Each chain (core / block / inline) has independent `state` object, to isolate
data and protect code from clutter.
## Token stream
Instead of traditional AST we use more low-level data representation - tokens.
Difference is very simple.
- tokens are sequence (Array)
- opening and closing tags are separate tokens
- there are special token object, "inline containers", having nested token
sequences with inline markup (bold, italic, text)
Each token has 2 mandatory fields:
- __type__ - token name.
- __level__ - nesting level, useful to seek matched pair.
- __lines__ - [begin, end], for block tokens only.
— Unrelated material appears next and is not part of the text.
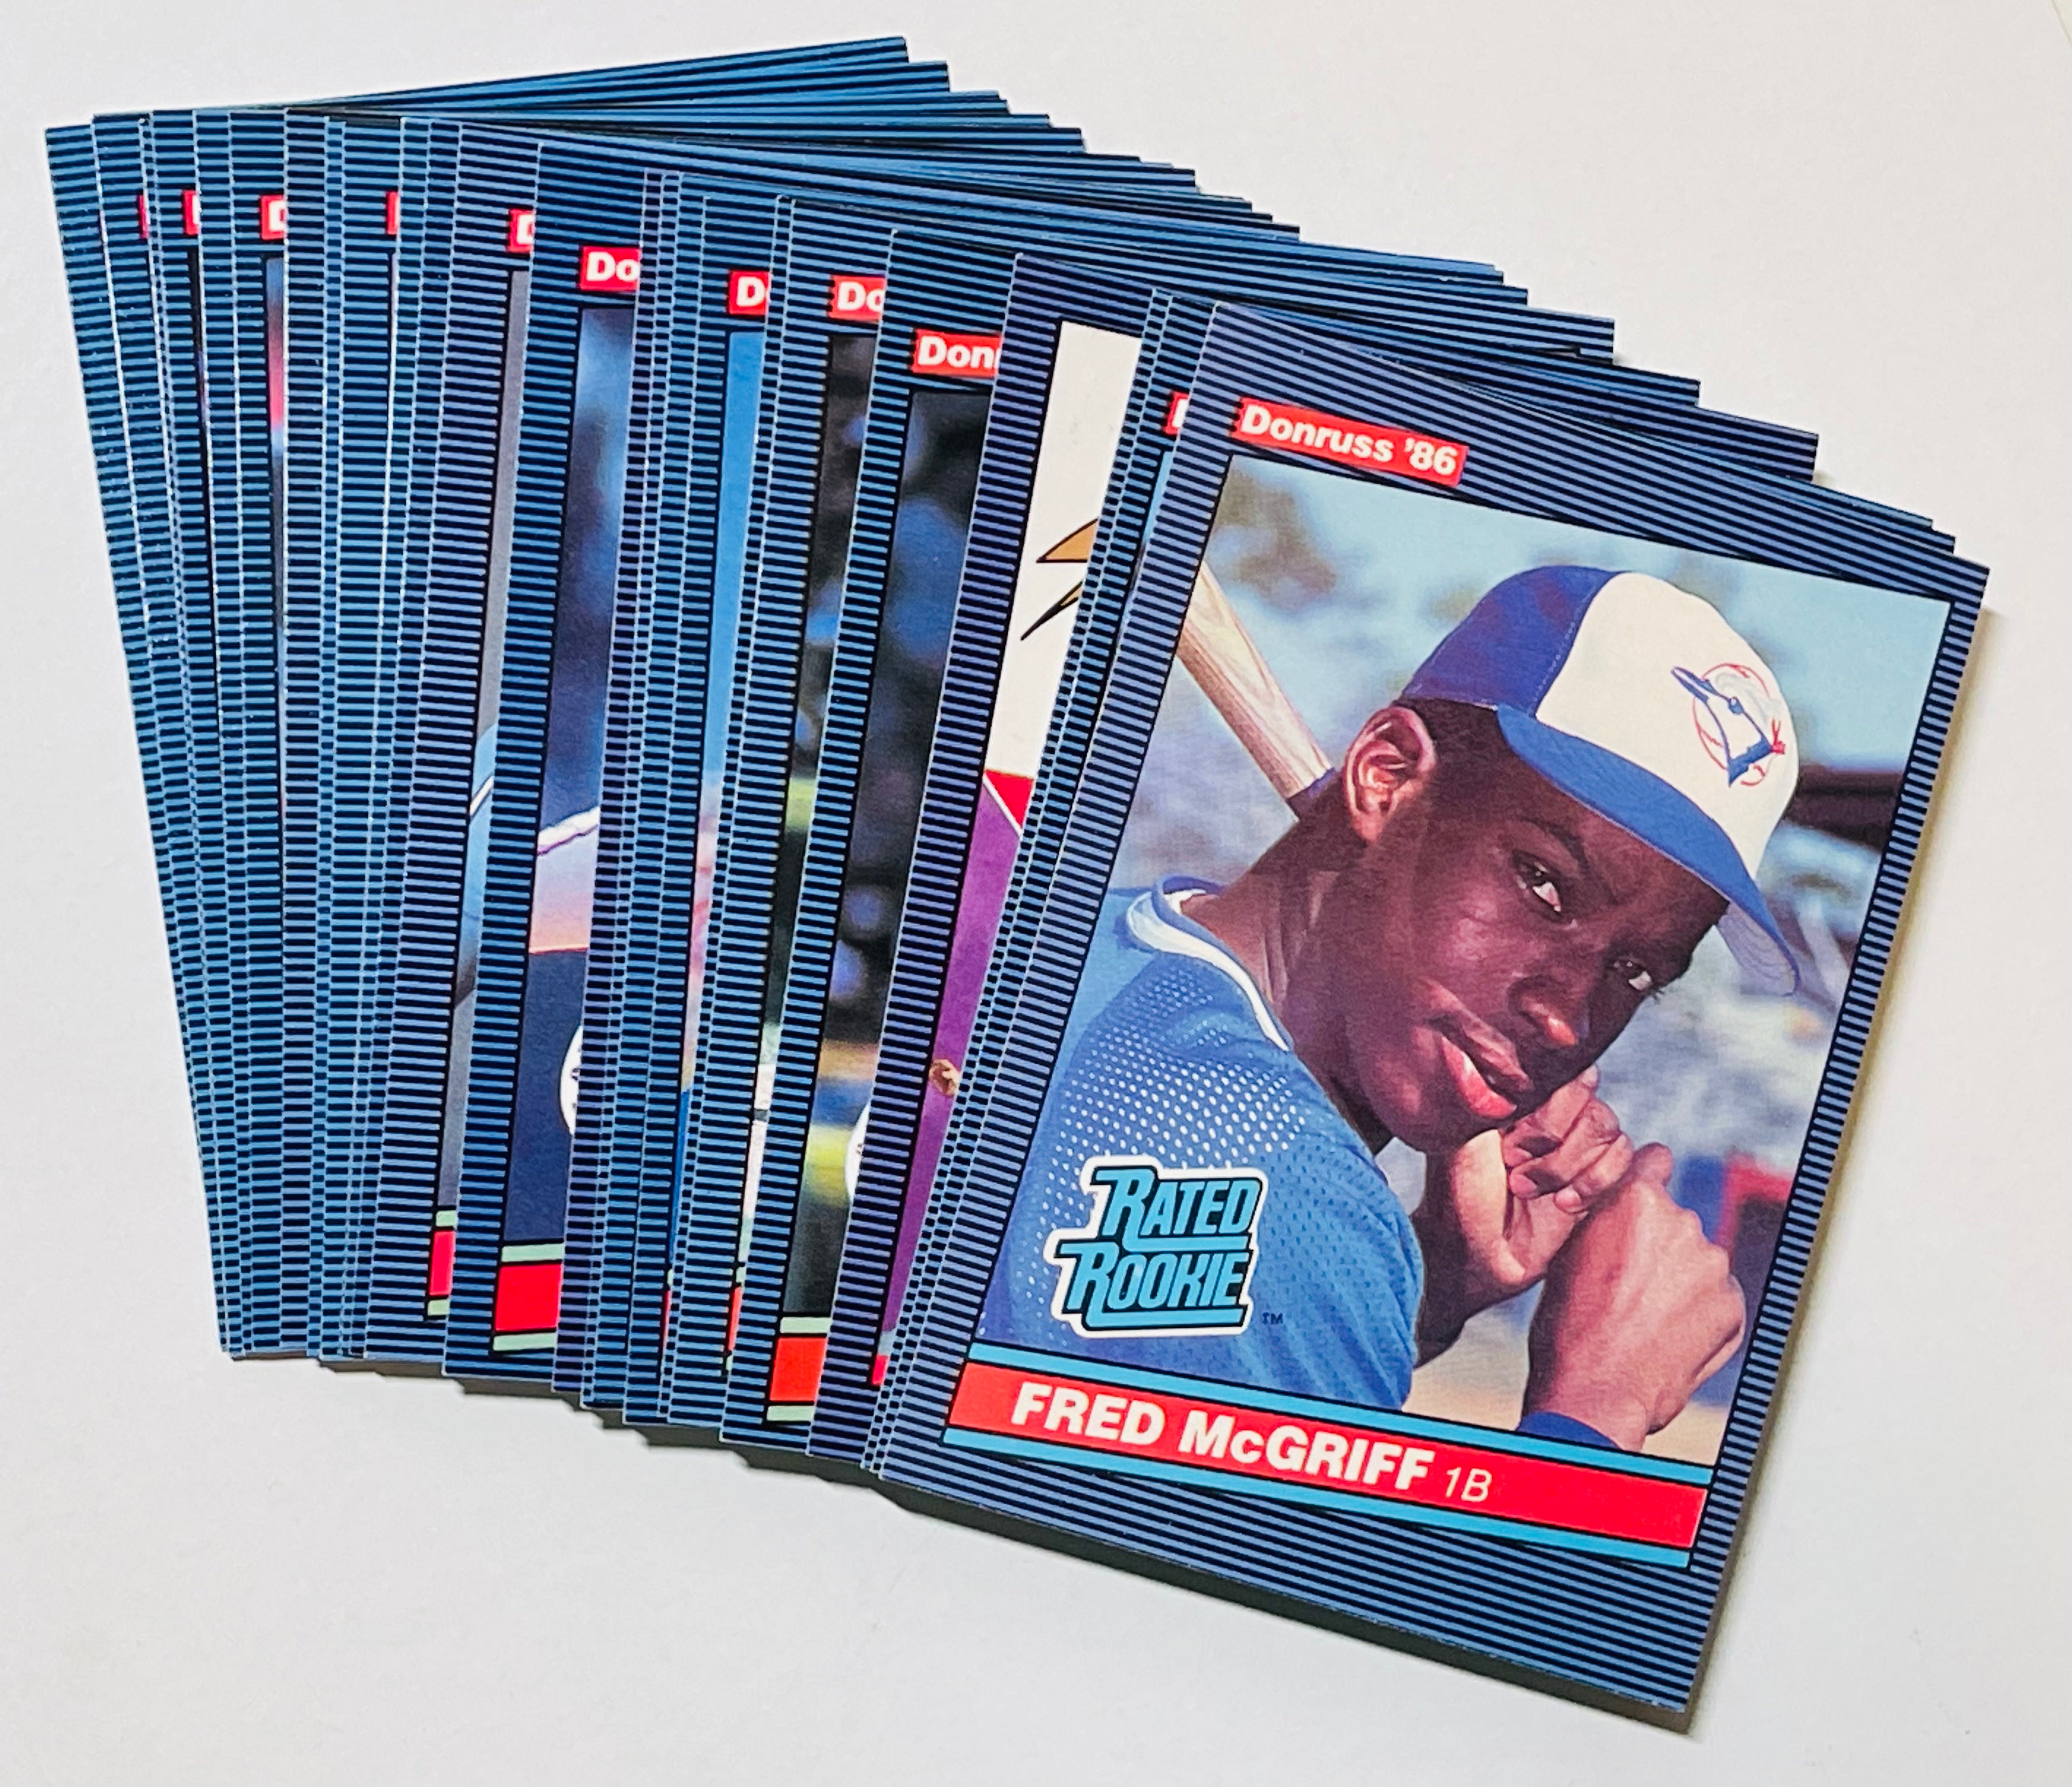 1986 Donruss Blue Jays baseball team set

Range of input lines,
compiled to this token
Inline container (`type === "inline"`) has additional properties:
- __content__ - raw text, unparsed inline content.
- __children__ - token stream for parsed content.
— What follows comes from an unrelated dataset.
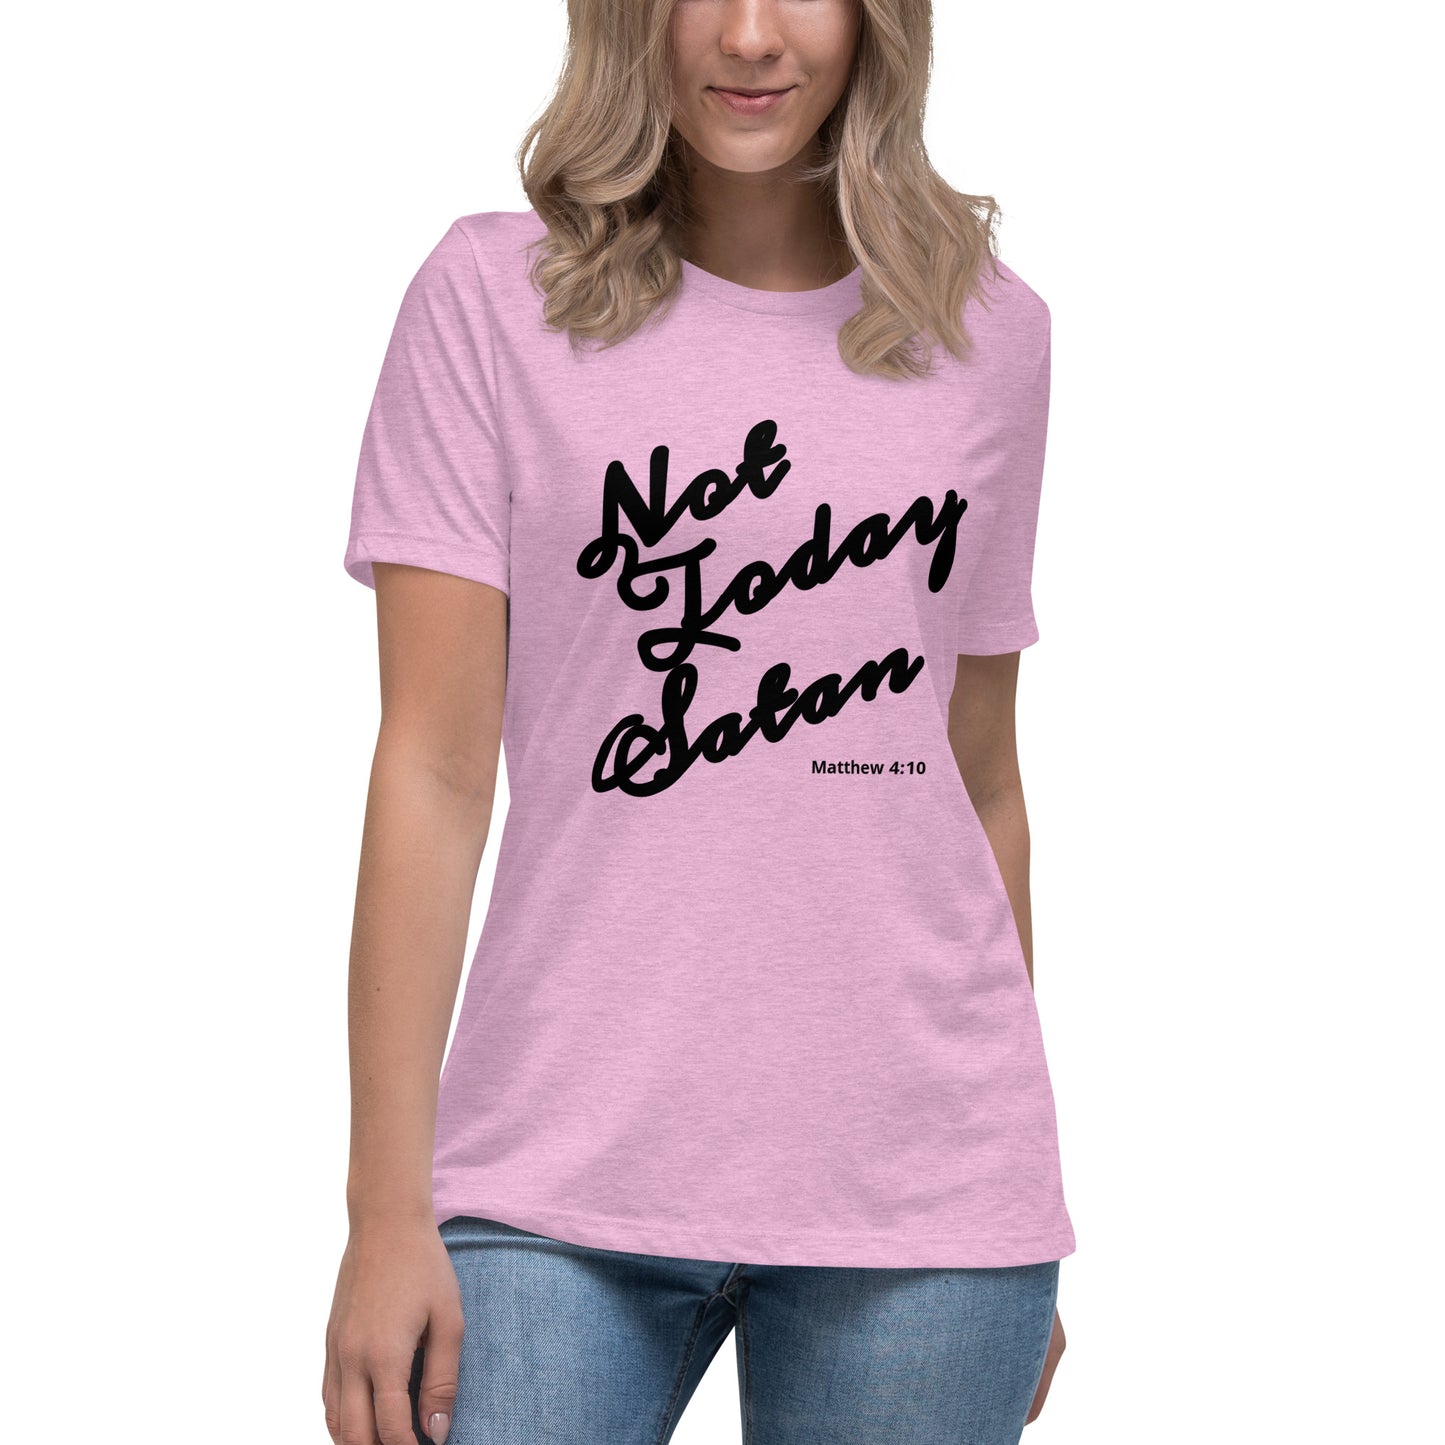 Pink christian tee shirt

See [renderer source](https://github.com/markdown-it/markdown-it/blob/master/lib/renderer.js)
for available tokens and those properties. Currently there are no special
requirements on tokens naming and additional fields.
In total, token stream is:
- Array of paired or single "block" tokens, on top level:
- open/close for headers, lists, blockquotes paragraphs
- codes, fenced blocks, horisontal rules, html blocks, inlines containers
- Inline containers have "substream" Array with inline tags:
- open/close for strong, em, link, code, ...
- text, line breaks
Why not AST? Because it's not needed for our tasks. We follow KISS principle.
If you whish - you can call parser withour renderer and convert token stream
to AST.
## Parse process
This was mentioned in [Data flow](#data-flow), but let's repeat sequence again:
1. Blocks are parsed, and top level of token stream filled with block tokens.
2. Content on inline containers is parsed, filling `.children` properties.
3. Rendering happens.
And somewhere between you can apply addtional transformations :) . Full content
of each chain can be seen on the top of
[parser_core.js](https://github.com/markdown-it/markdown-it/blob/master/lib/parser_core.js),
[parser_block.js](https://github.com/markdown-it/markdown-it/blob/master/lib/parser_block.js) and
[parser_inline.js](https://github.com/markdown-it/markdown-it/blob/master/lib/parser_inline.js)
files.